• PROVIDED INFORMATION:
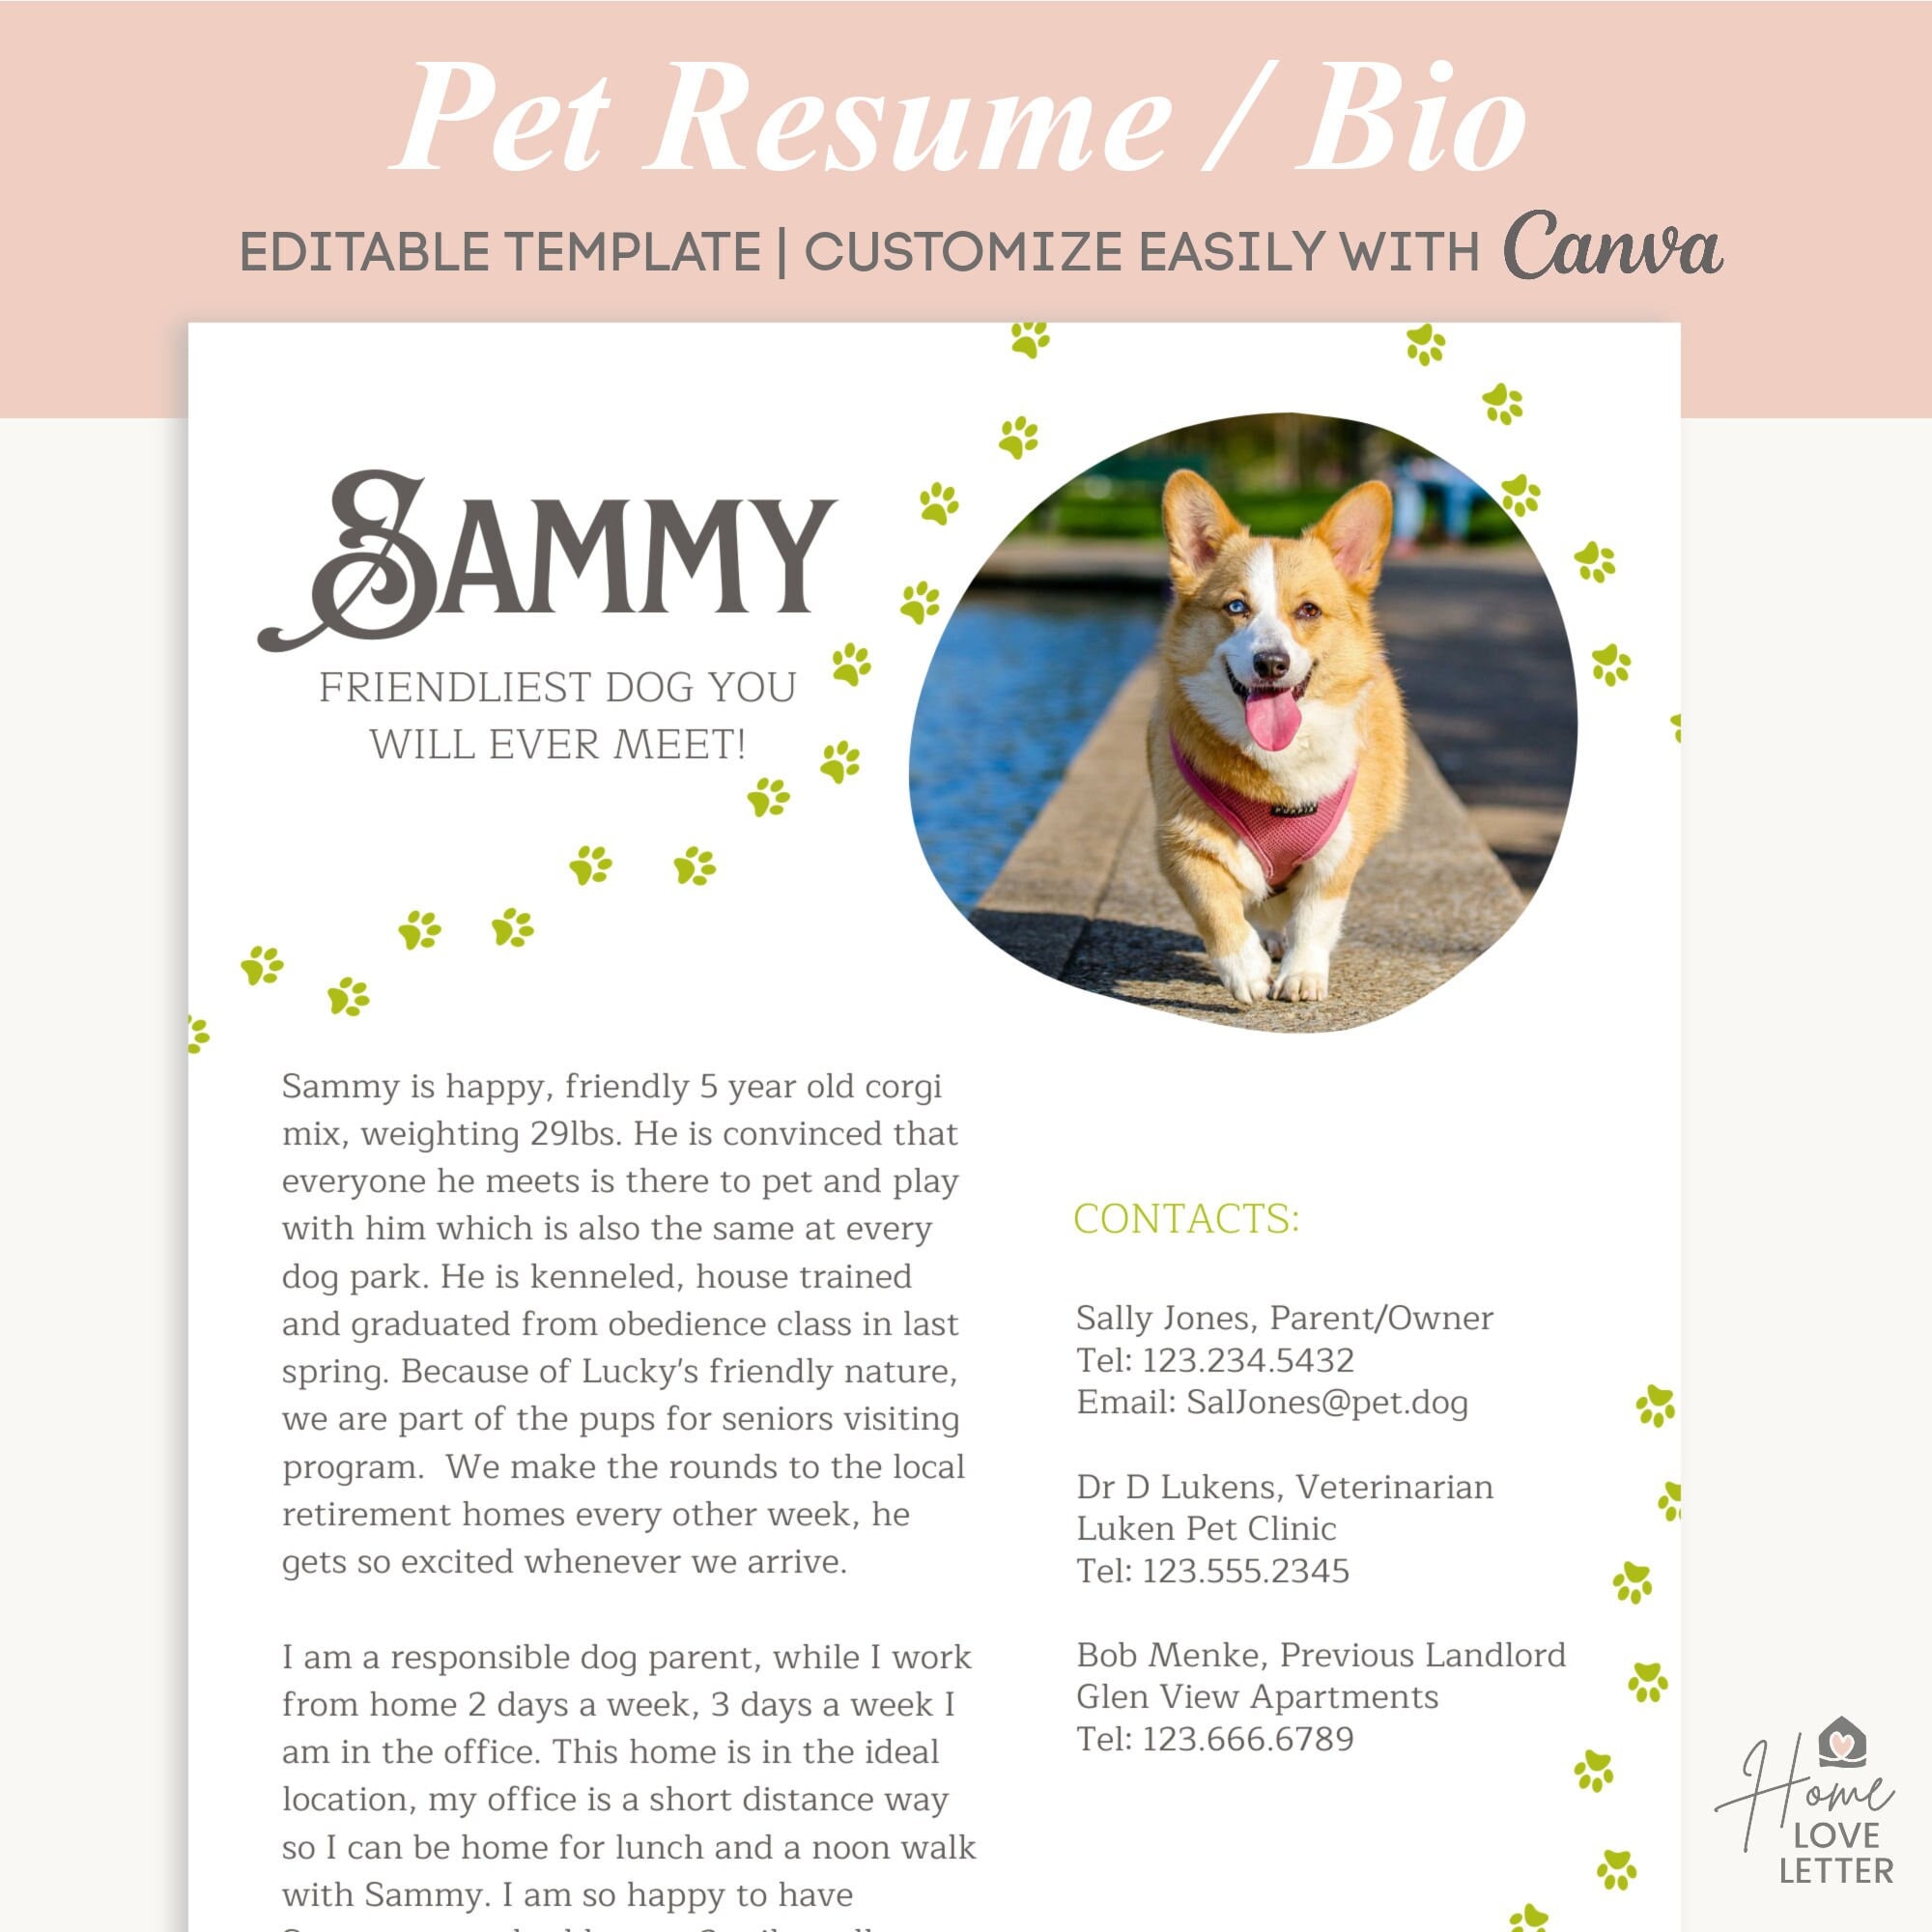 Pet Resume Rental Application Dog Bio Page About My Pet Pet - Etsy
--
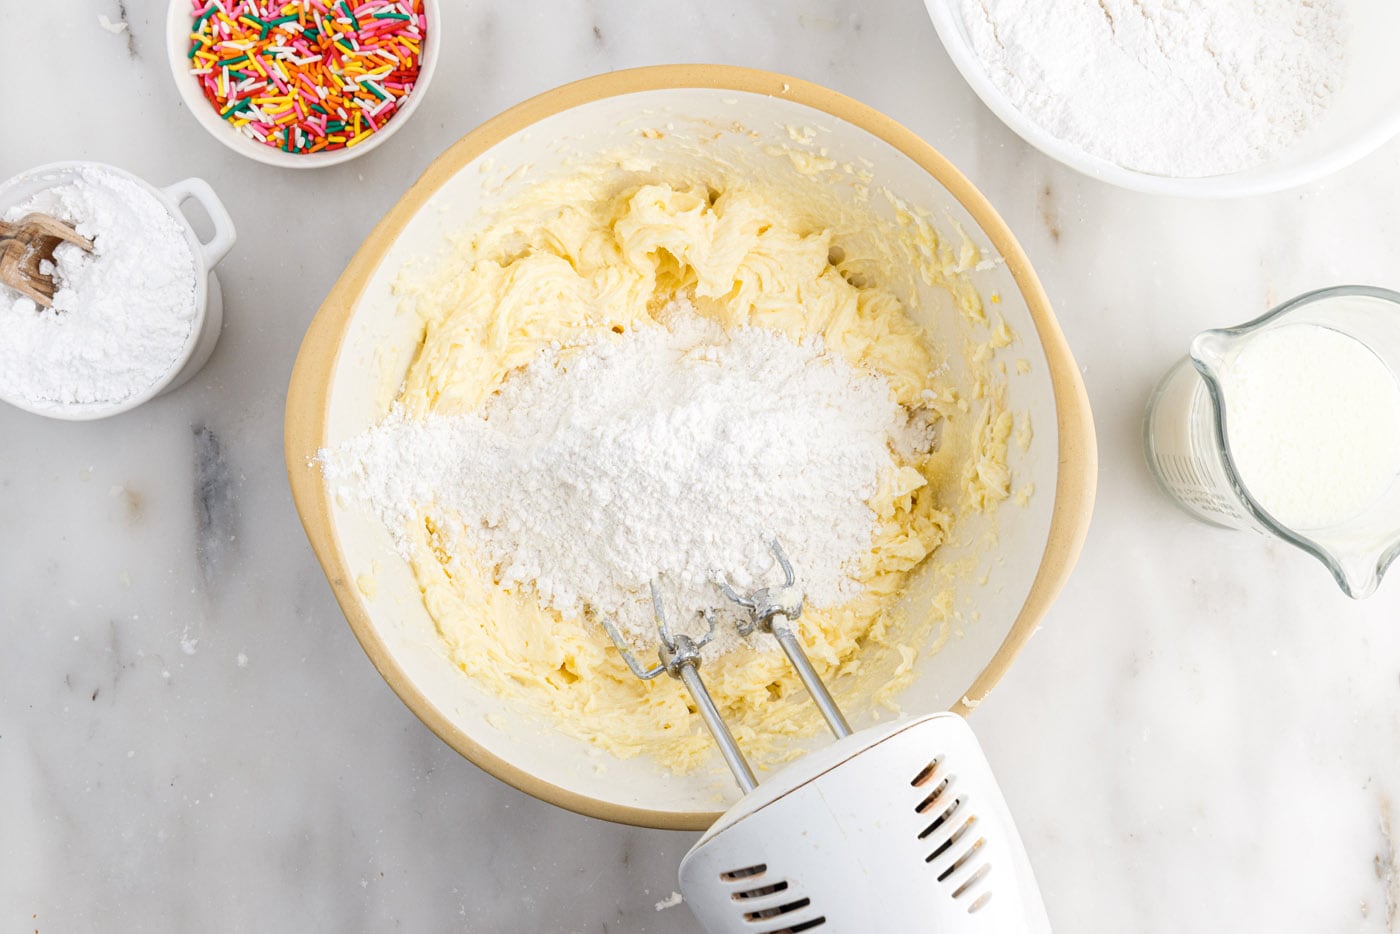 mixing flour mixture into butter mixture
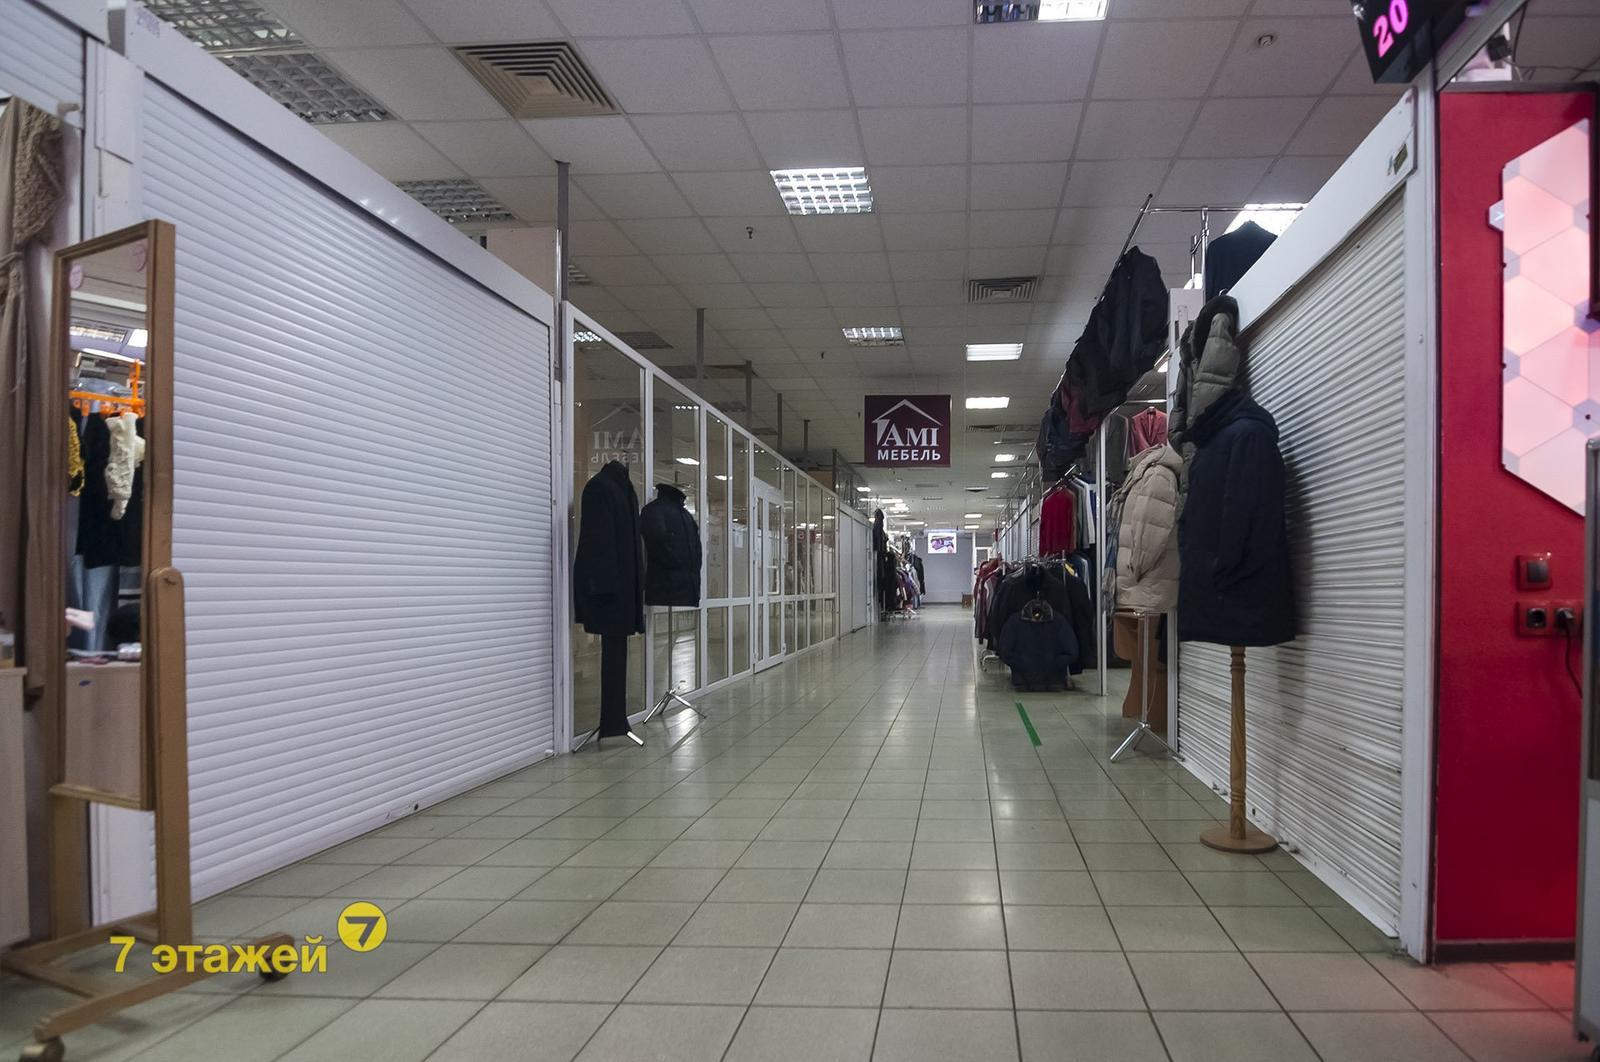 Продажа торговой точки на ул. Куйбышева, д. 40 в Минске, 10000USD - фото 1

• TASK PROMPT:
Print nothing but the lines above starting with the line that contains "mixing flour mixture into butter mixture" and going on through the line that contains "Продажа торговой точки". Leave out the pictures.

• EXERCISE ANSWER:
 mixing flour mixture into butter mixture
 Продажа торговой точки на ул. Куйбышева, д. 40 в Минске, 10000USD - фото 1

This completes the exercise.